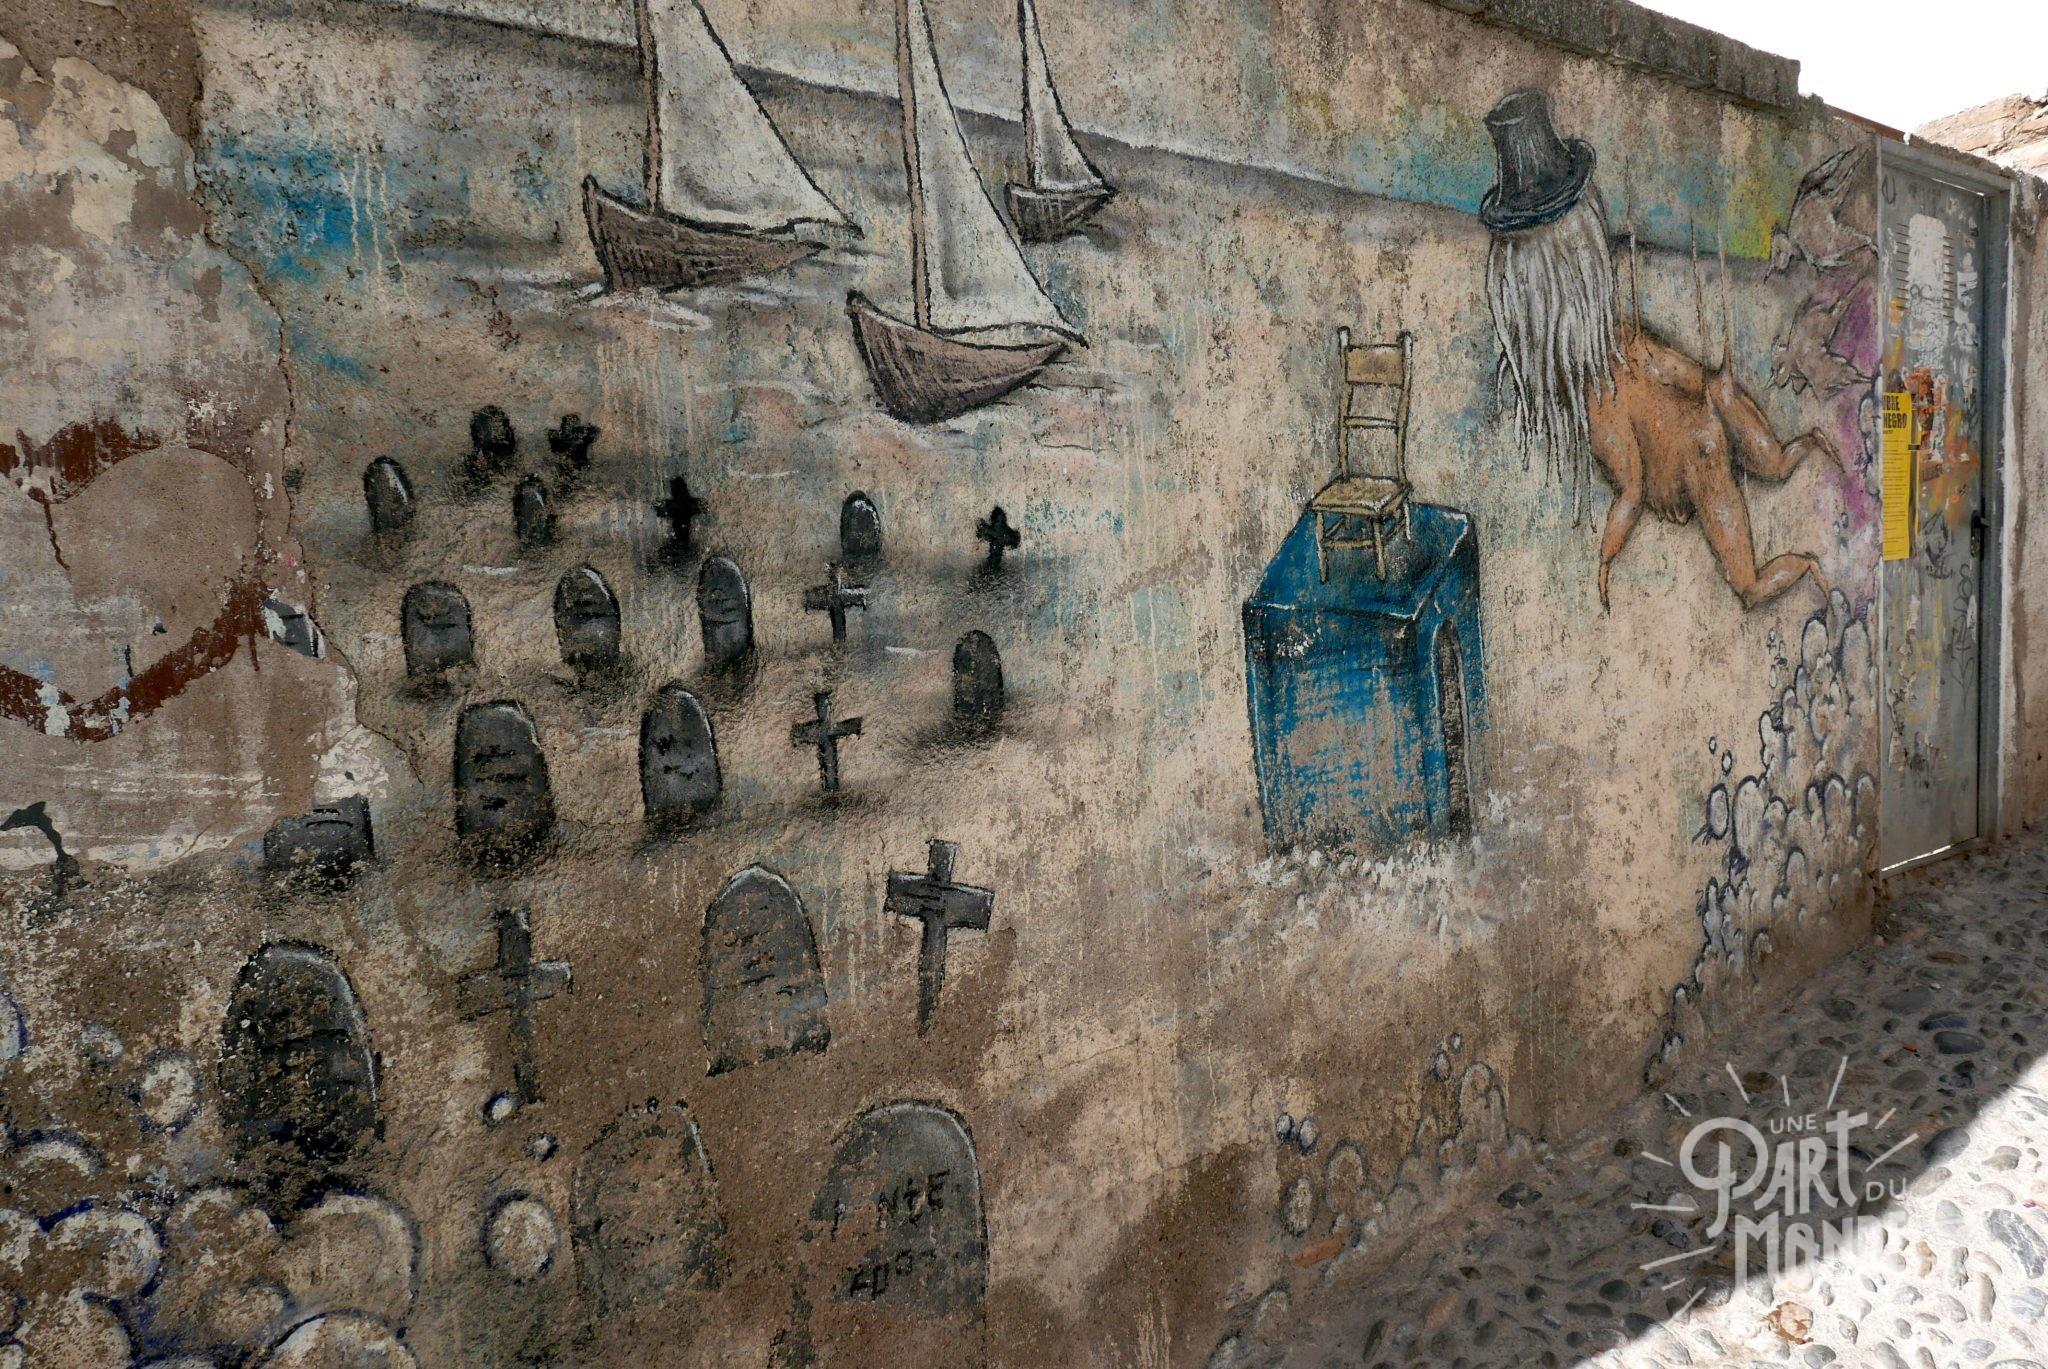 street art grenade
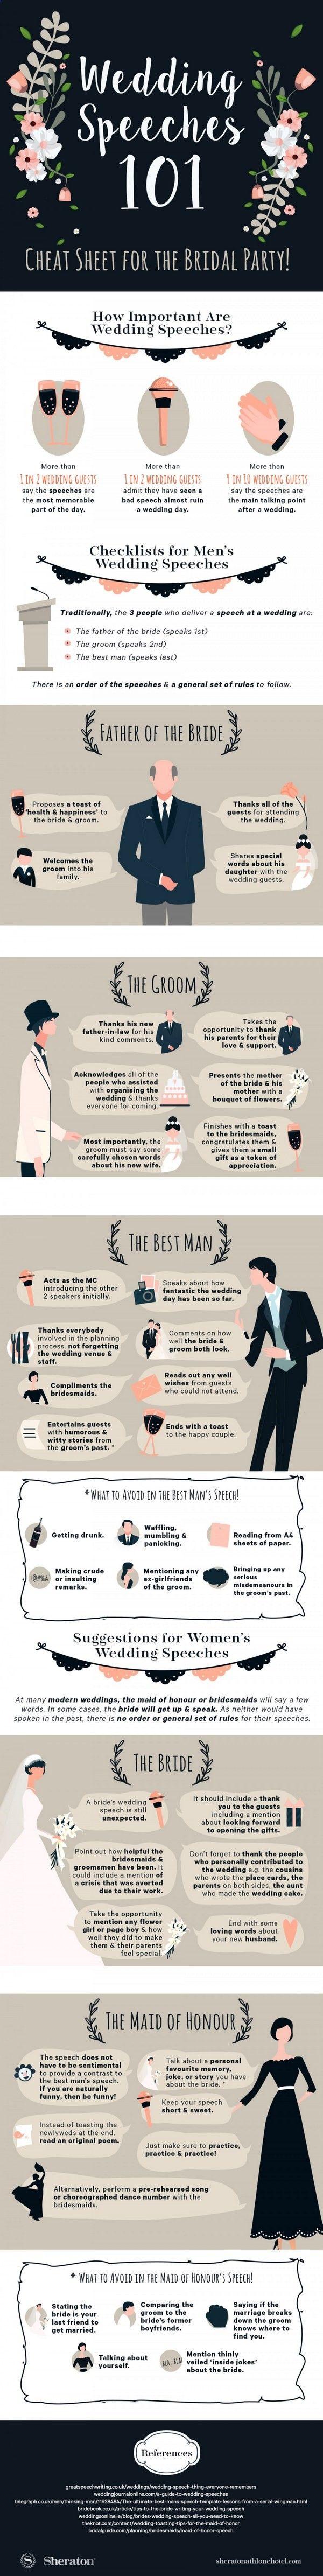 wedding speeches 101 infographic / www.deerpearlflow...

--

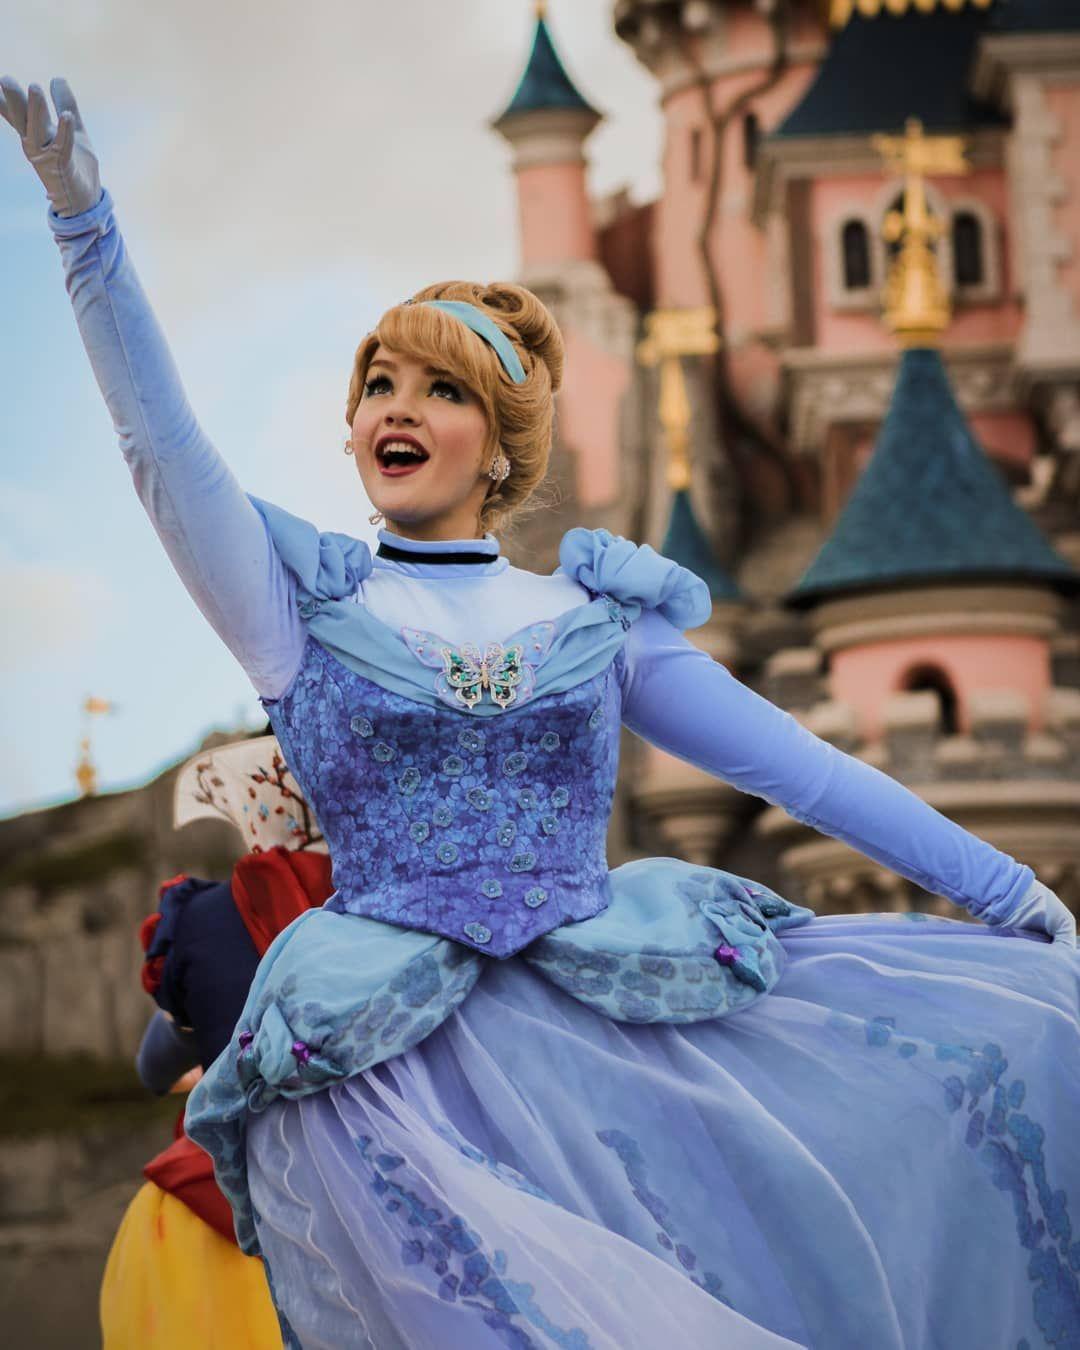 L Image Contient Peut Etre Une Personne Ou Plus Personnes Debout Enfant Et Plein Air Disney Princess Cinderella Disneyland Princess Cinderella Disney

Work to be completed:
What do the entries above read from the line containing "street art grenade" through the line containing "wedding speeches 101"? Output those lines exactly, both ends included, with the pictures left out.

Output of the exercise:
 street art grenade
 wedding speeches 101 infographic / www.deerpearlflow...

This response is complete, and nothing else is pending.